This week marked a significant moment in the national effort to classify interns as employees. The Department of Labor’s six-point test (issued in 2010) has been referenced in the courts to determine if an intern should qualify as an employee under the Fair Labor Standards Act (FLSA). This test was also used in a suit filed in February 2012 by Xuedan “Diana” Wang against Hearst Corp. In the lawsuit, Ms. Wang claims that as an unpaid intern at Harper’s Bazaar magazine, she frequently worked over 40 hours a week. U.S. District Judge Harold Baer denied a class certification for this lawsuit and rejected the interns’ bid for summary judgment on their status as “employees” under the FLSA and New York Labor Law. The interns appealed this denial and in November 2013, the Second Circuit gave them the go-ahead to pursue their appeal.
On April 8, 2014 the DOL filed an amicus brief in the Court of Appeals in support of the Hearst interns, stating that Judge Baer applied the wrong test to determine if the interns should be qualified as “employees” under labor law. This is the first instance where the DOL took a public stance since issuing the six-point test, and since the start of the wave of lawsuits brought forth by interns. The brief stated:
“Instead of utilizing the department’s long-standing, objective test, the district court adopted a more subjective ‘totality of the circumstances’ test that necessarily makes it more difficult for both employers and interns, as well as courts, to determine whether interns are employees entitled to the protections of the FLSA”
It goes on to encourage the Appeals Court to adopt the strict six-point test:
“[T]he Department’s test stands in stark contrast to a “totality of the circumstances” or “primary benefit” test, which would introduce subjectivity into the analysis and invite inconsistent results.”

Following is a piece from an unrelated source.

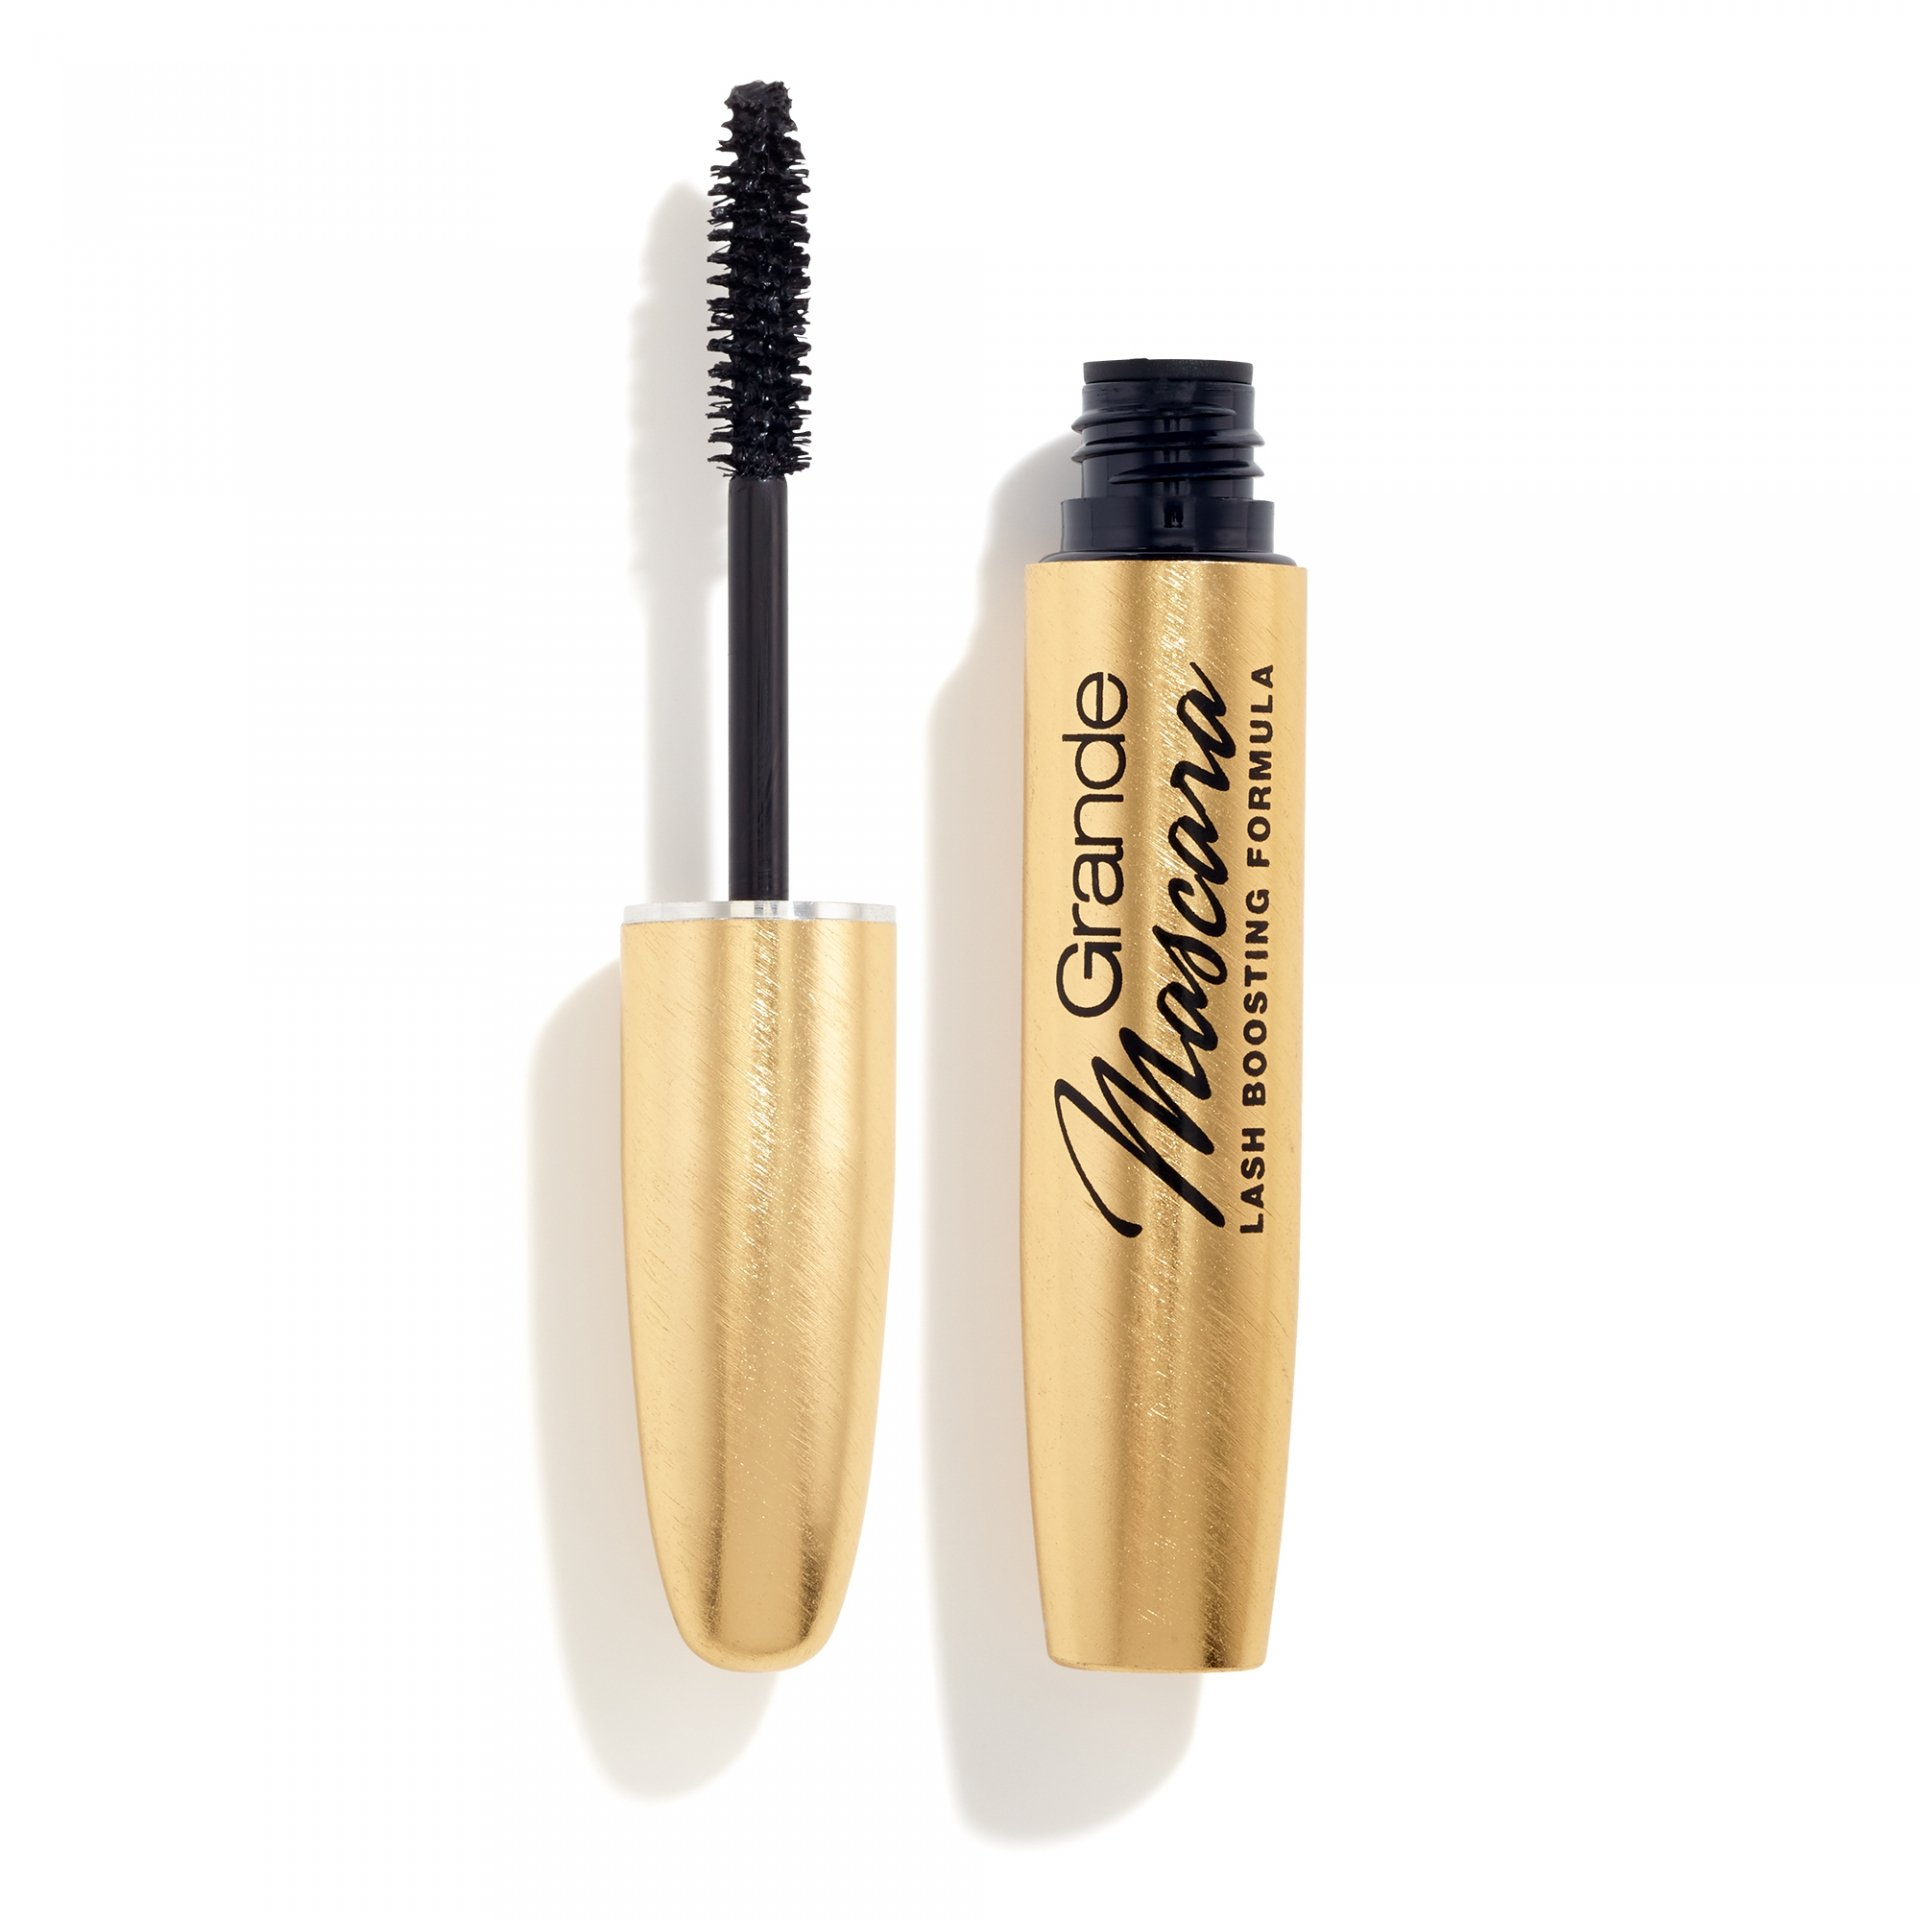 Grande Cosmetics - GrandeMascara - zwart Mascara

The brief also directly references the current widespread practice on unpaid internship programs and its direct link to the inherent difficulties to entering the job market today:
“The Department’s test is also an important backstop to ensure that this very limited trainee exception to the FLSA’s broad coverage is not unduly expanded, particularly in difficult economic times when employers are eliminating paid staff positions and the promise of free labor is both tempting and available.”
“Nothing in the FLSA or in Portland Terminal suggests that for-profit employers should be permitted to circumvent their obligation to compensate individuals who are performing productive work by categorizing entry-level or temporary workers as interns or trainees. In fact, the Supreme Court made the opposite observation in Portland Terminal, stating that it is “[w]ithout doubt the [FLSA] covers trainees, beginners, apprentices, or learners if they are employed to work for an employer for compensation.” Portland Terminal, 330 U.S. at 151 (citing 29 U.S.C. 214(a)). Thus, the Department’s test excludes from the protections of the FLSA only those trainees or interns who are receiving bona fide training that is for their own benefit, and who receive the training under such close supervision that their efforts do not provide the employer with the productive work that it receives from its regular employees.”